00:51:54 pavitra: I really like raindrop plots
00:51:58 Diego Ramírez González: anything but dynamite plots
00:53:31 Diego Ramírez González: i agree, those two distributions don't even overlap, the dynamite plot is not so bad here
00:53:33 pavitra: Sorry to belabor this. However, why is MAD not as prevalent as SD? No rush to answer here - maybe we can discuss further in the slack channel
00:54:59 Jone Aliri: It's because MAD is calculated with absolute values
00:55:06 pavitra: Nassim Taleb loves MAD and says it is more accurate for skewed data
00:55:56 pavitra: Good point, Jone
00:56:04 Scott Nestler: Also, the absolute value function is non-smooth, which used to create all sorts of calculation issues.

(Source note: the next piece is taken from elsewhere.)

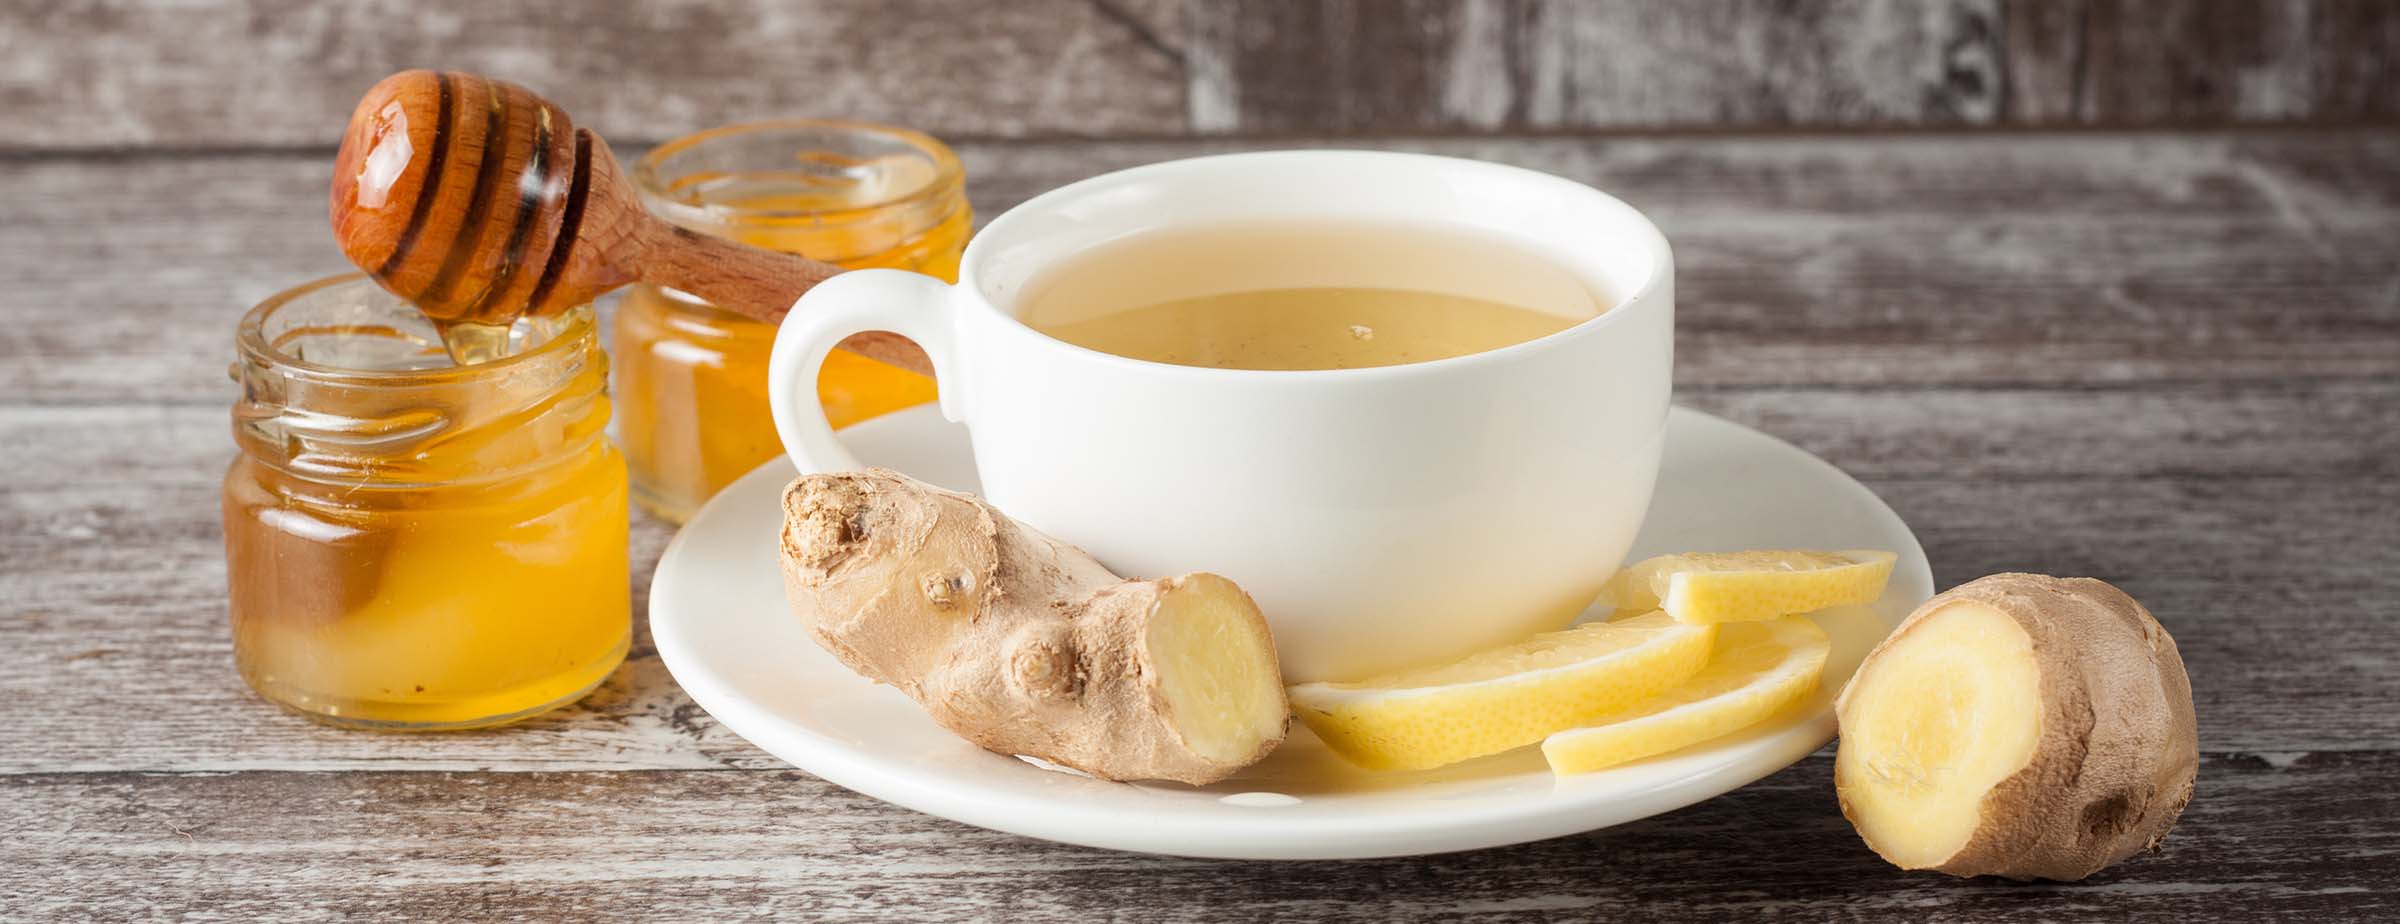 How to Eat Ginger for Health Benefits

01:01:37 pavitra: great presentation, Jon!
01:02:41 priyanka gagneja: Bi-modal you mean
01:03:12 pavitra: thanks a lot, y'all.Gotta go.
01:03:35 Jone Aliri: And the other problema is that teh distance could be different from 1 to 2 or from 3 to 4 in Likert
01:04:55 Diego Ramírez González: i guess it depends on the distribution of your data and what assumptions you are willing to make about the measurement
01:05:59 Madeline Arnold (she/her): I hope we learn more about this topic! Thanks for the question Sheila
01:06:22 Kaytee Flick: Congrats Scott!!!
01:06:35 Jone Aliri: In psychology we use a lot of scales with Likert... and a lot of times we add them...

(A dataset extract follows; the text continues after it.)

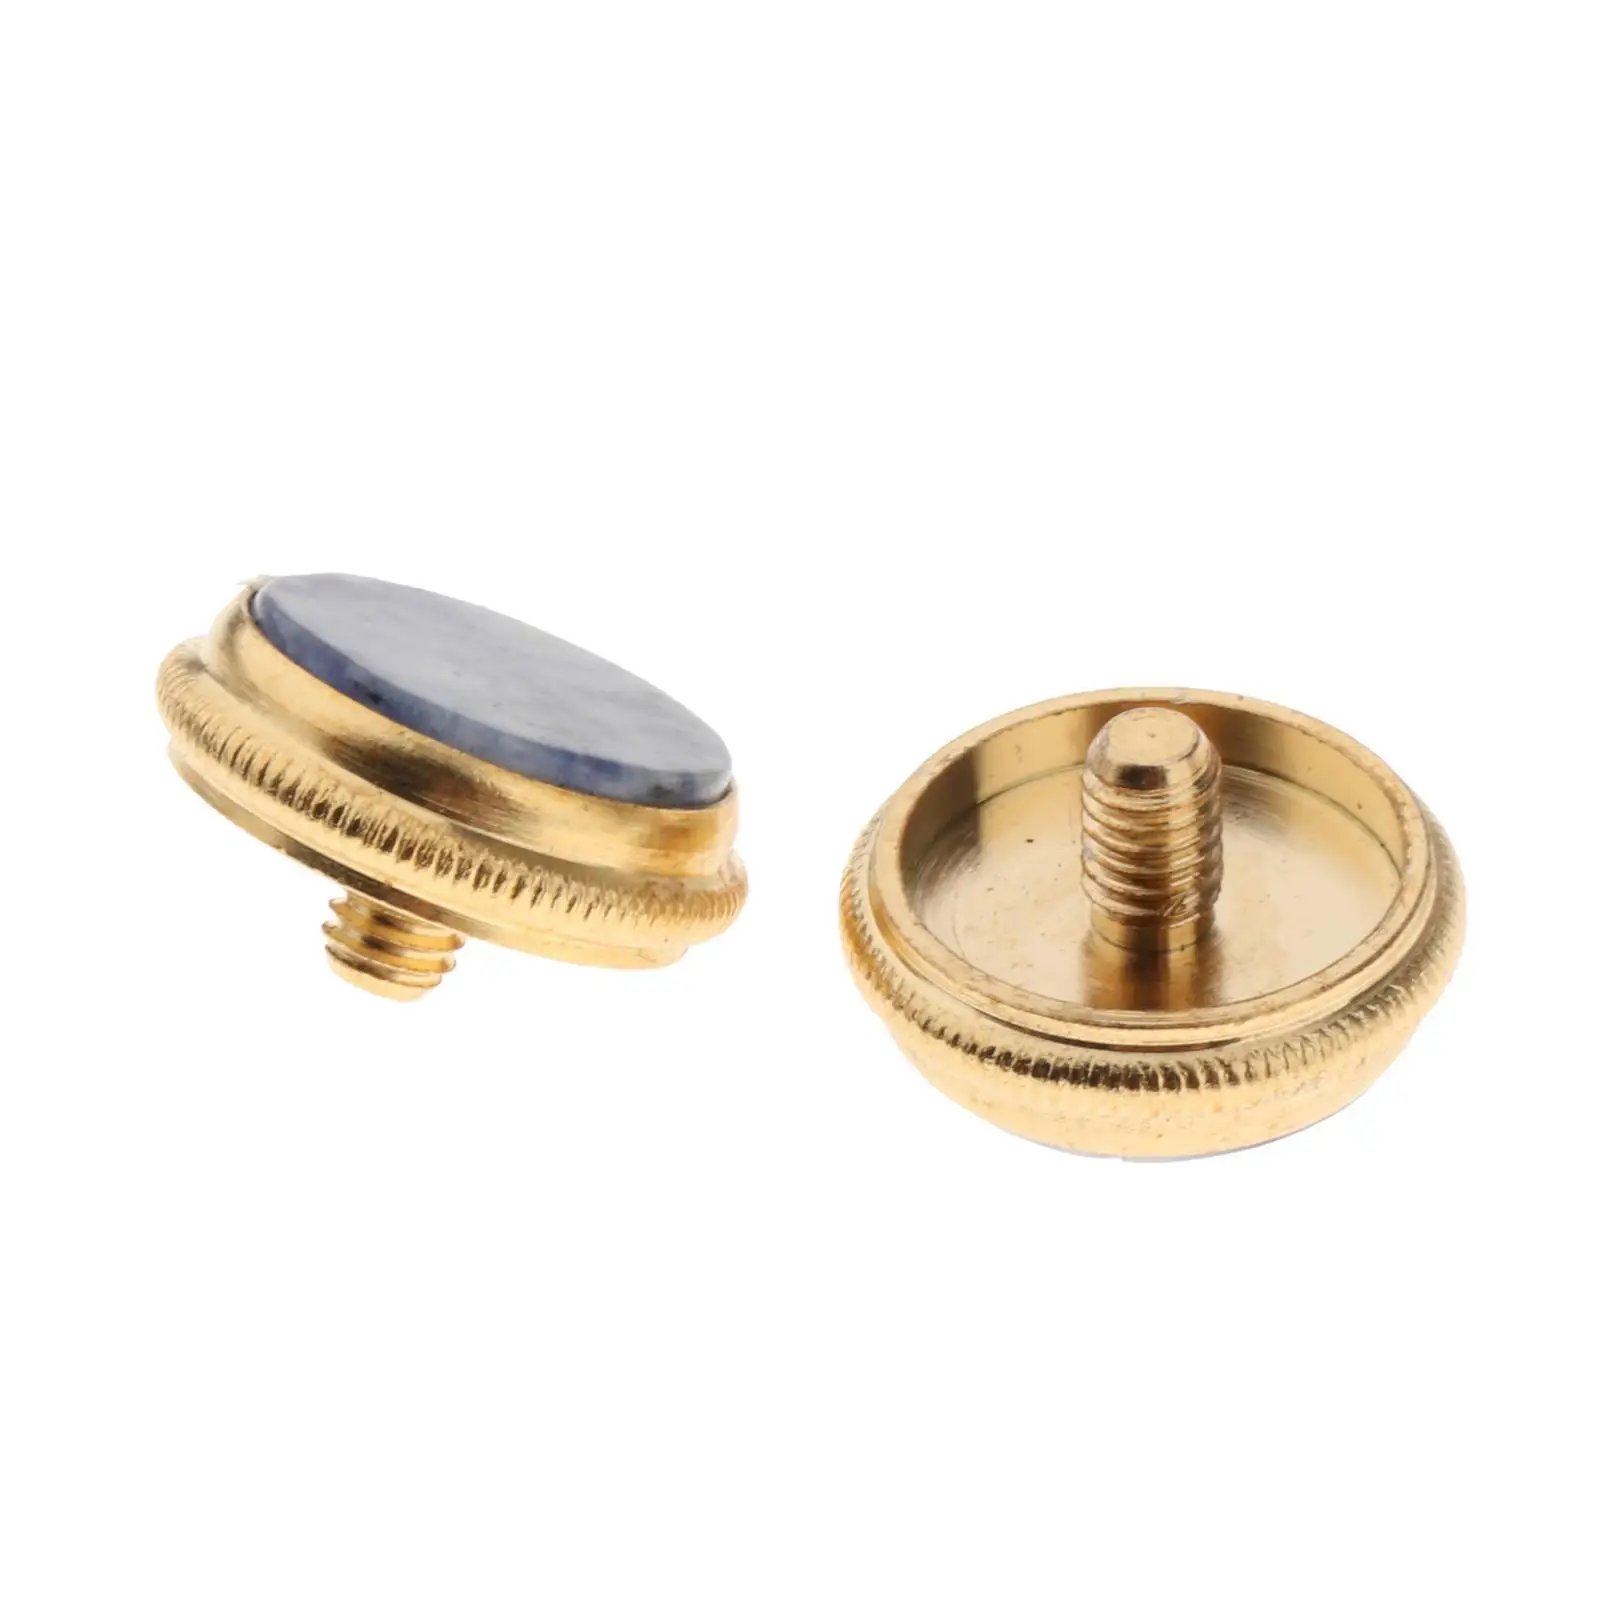 2x Trumpet Finger Buttons Cover for Musical Instrument Trumpet

01:07:23 Scott Nestler: A good way to remember not to use means on Likert scale data is to think: The average of Agree and Strongly Agree is not Agree-And-A-Half.
01:07:30 Scott Nestler: https://bookdown.org/Rmadillo/likert/summary.html
01:07:53 Diego Ramírez González: yeah, but for some of these instruments people will add the answers to get a total score
01:08:13 Jim Gruman: not sure if this adds anything, but there are domains where a geometric mean is more appropriate than the average
01:08:29 Morgan Grovenburg: I don't have a good answer, but I use the `HH` package to visualized likert scales https://xang1234.github.io/likert/
01:09:06 Jim Gruman: and in market research, my company skips to valuing only the "top box scores"
01:10:01 Jone Aliri: Yes @Diego that's it, we get the total score which we can use like a continuos scale :)
01:10:11 Jim Gruman: thank you!!
01:10:16 Andrew G. Farina: Thanks Jon!